There is good news for potential borrowers. Mortgage rates drifted lower last week, hitting the lowest level since October 2024. We focus on our service and products, and competitive pricing, so watch interest rates. In general, depending on loan-to-values, credit scores, and many other factors, 30-yearmortgage rates are in mid-6’s and 15-year loans are in the high 5 percent area. Mortgage rates are falling now after hiring data released in early August showed weak job growth in recent months. In response to the job weakness and data showing inflation in July was still sticky, but below economists’ expectations, traders see a 91 percent chance of the Fed dropping interest rates by 25 basis points next month.

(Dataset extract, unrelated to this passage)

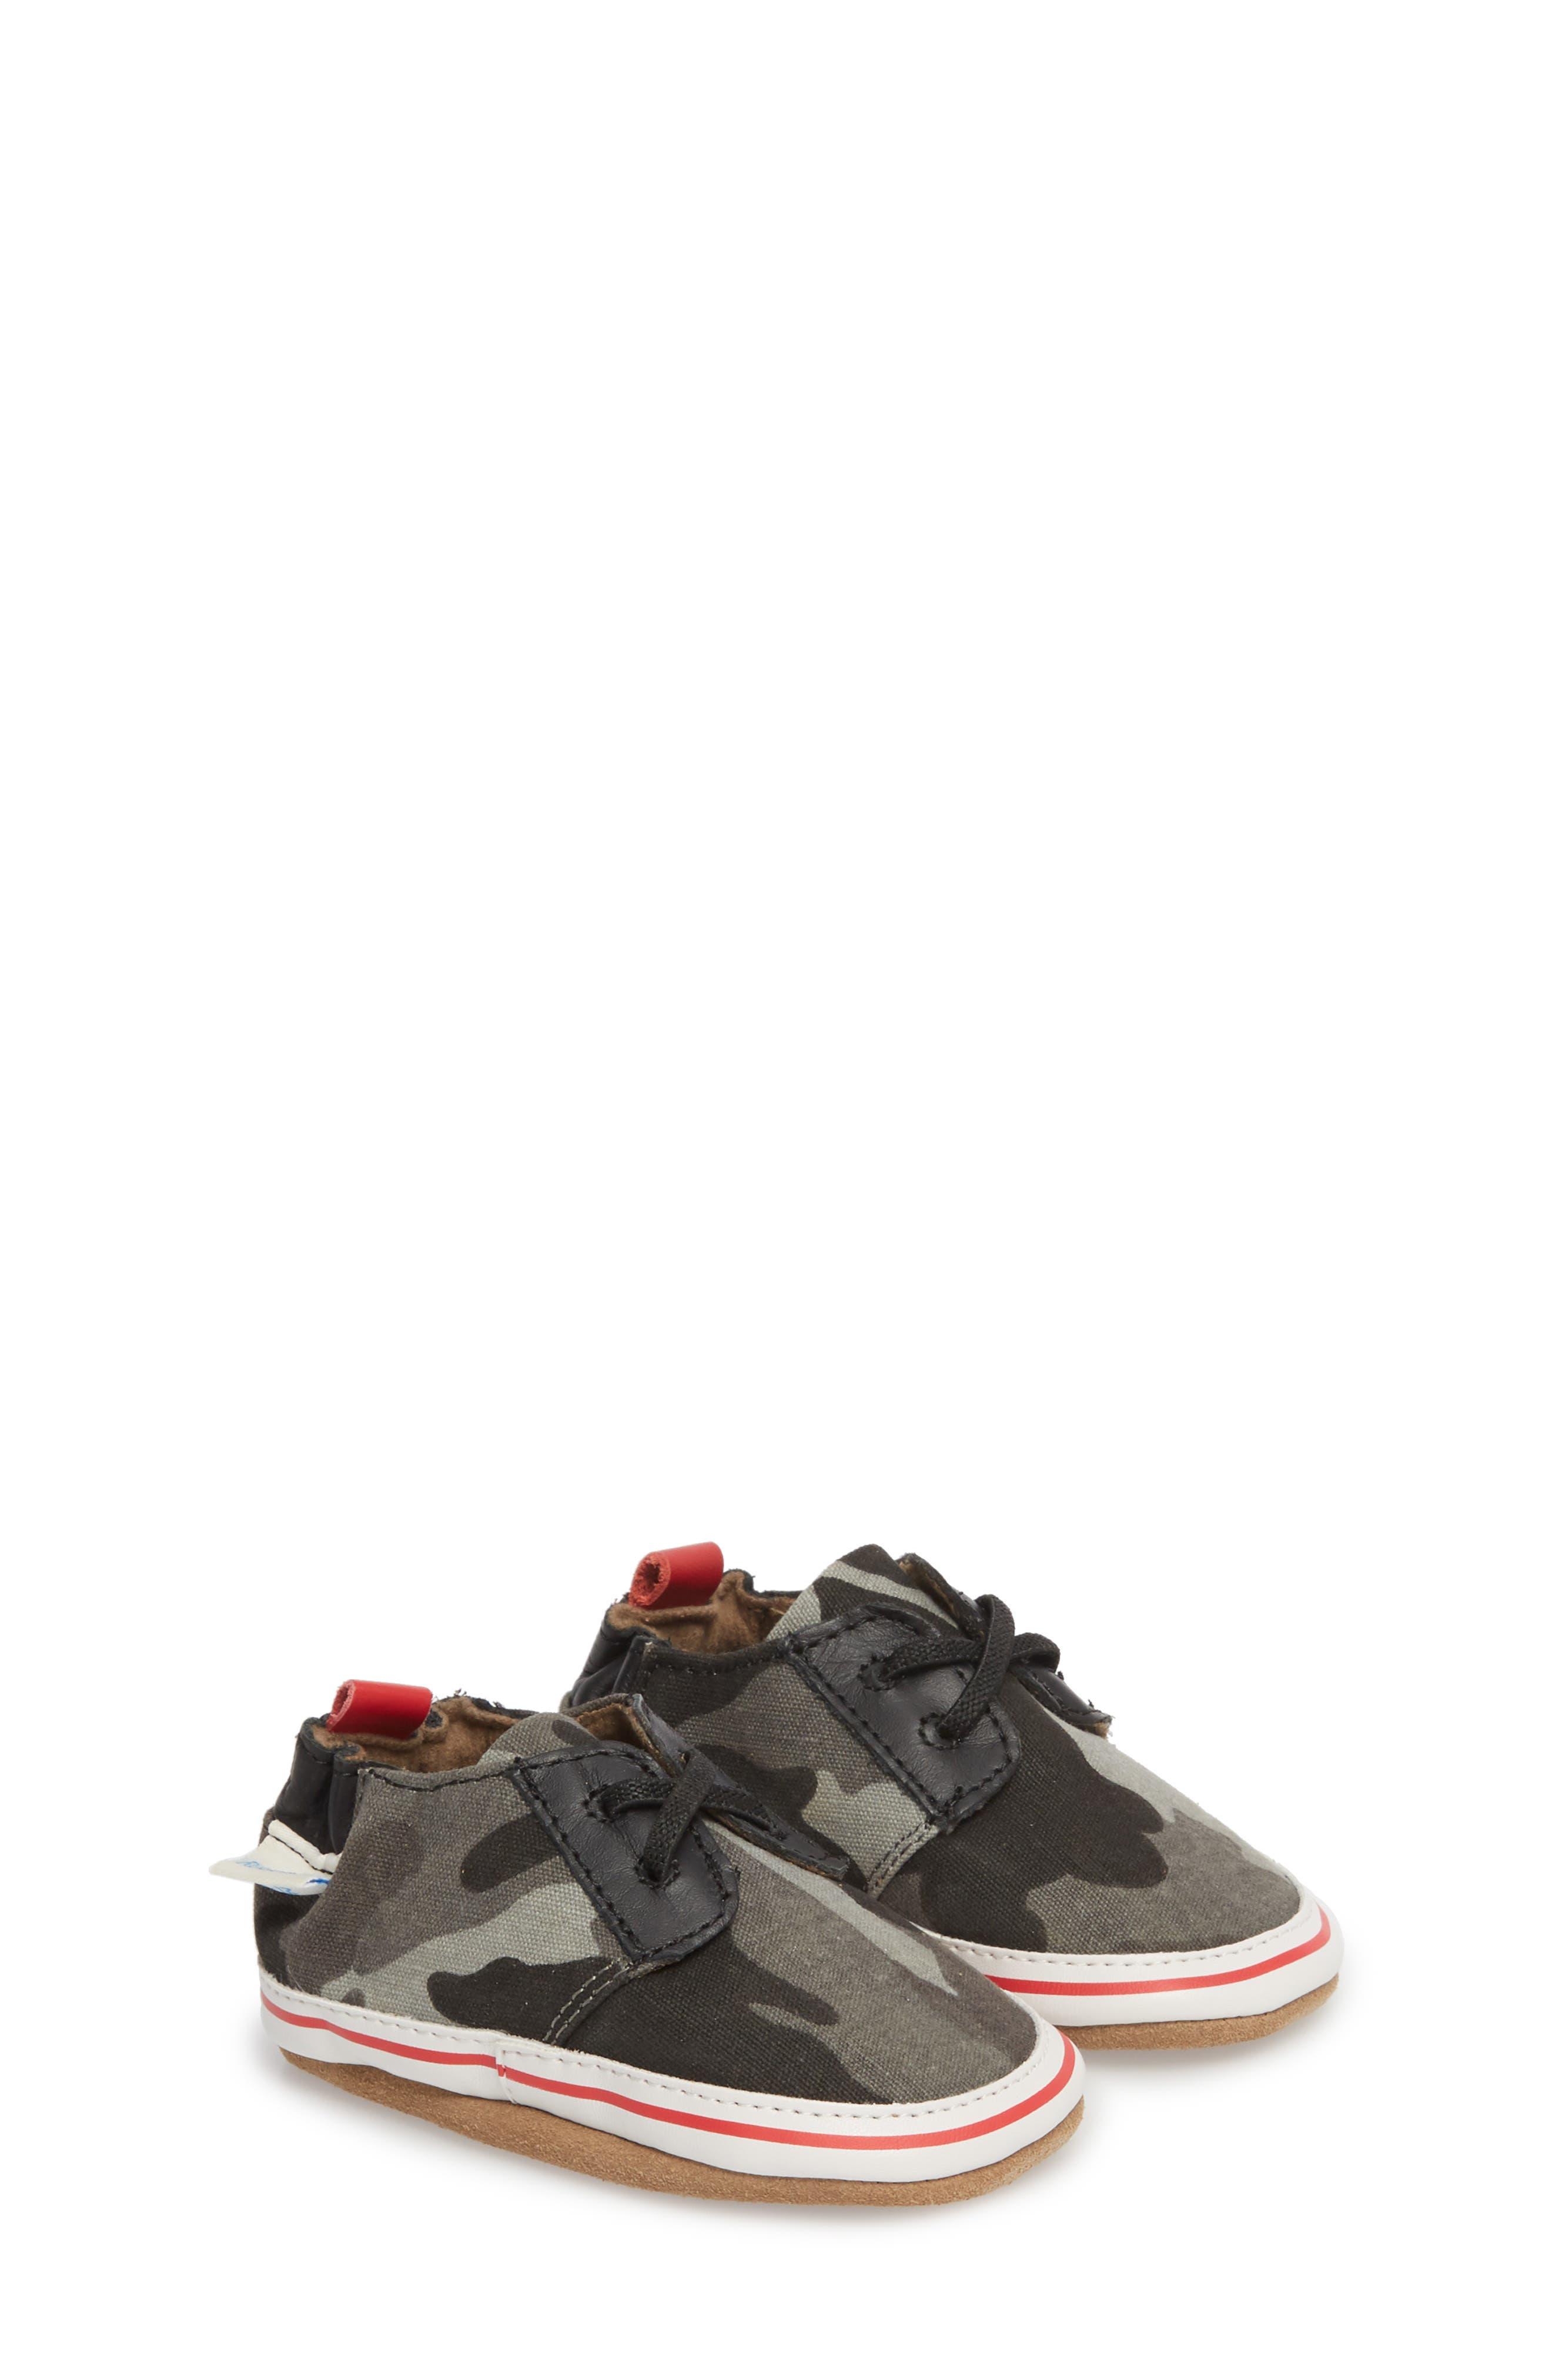 Cool & Casual Camo Print Crib Shoe,                         Main,                         color, 020

Softer economic data make Federal Reserve interest rate cuts more likely, but that doesn’t mean 30-year, or 15-year mortgage rates will follow them down. The bond market is propping up mortgage rates, as traders are betting the Fed may only lower rates a few times rather than undertake an aggressive cycle of rate cuts. If there were signs that tariff impacts would significantly damage the economy, the Fed would have more wiggle room to cut interest rates aggressively, and bond traders would likely help bring long-term rates down.
Right now, analysts say, the economy doesn’t seem to be weakening enough to warrant that type of action. In fact, many don’t believe fixed-rate mortgage rates will move much at all in the coming months. In fact, mortgage rates could even rise if tariffs end up pushing up inflation substantially. The Federal Reserve will raise rates to slow inflation.
Rates on a 15 or 30-year mortgage are based heavily on investors' expectations of the economy and inflation over the next decade, not on the Fed’s near-term actions. Economic growth forecasts, inflation, demographics, and U.S. fiscal deficits all impact Treasury yields, which impact mortgage rates. In fact, the U.S. central bank only has indirect pressure. Last year bond investors pushed back hard against the Fed's easing because they correctly perceived that the economy and labor market were in better shape than feared by Fed officials. Orion’s AEs and our brokers hope that doesn’t happen again.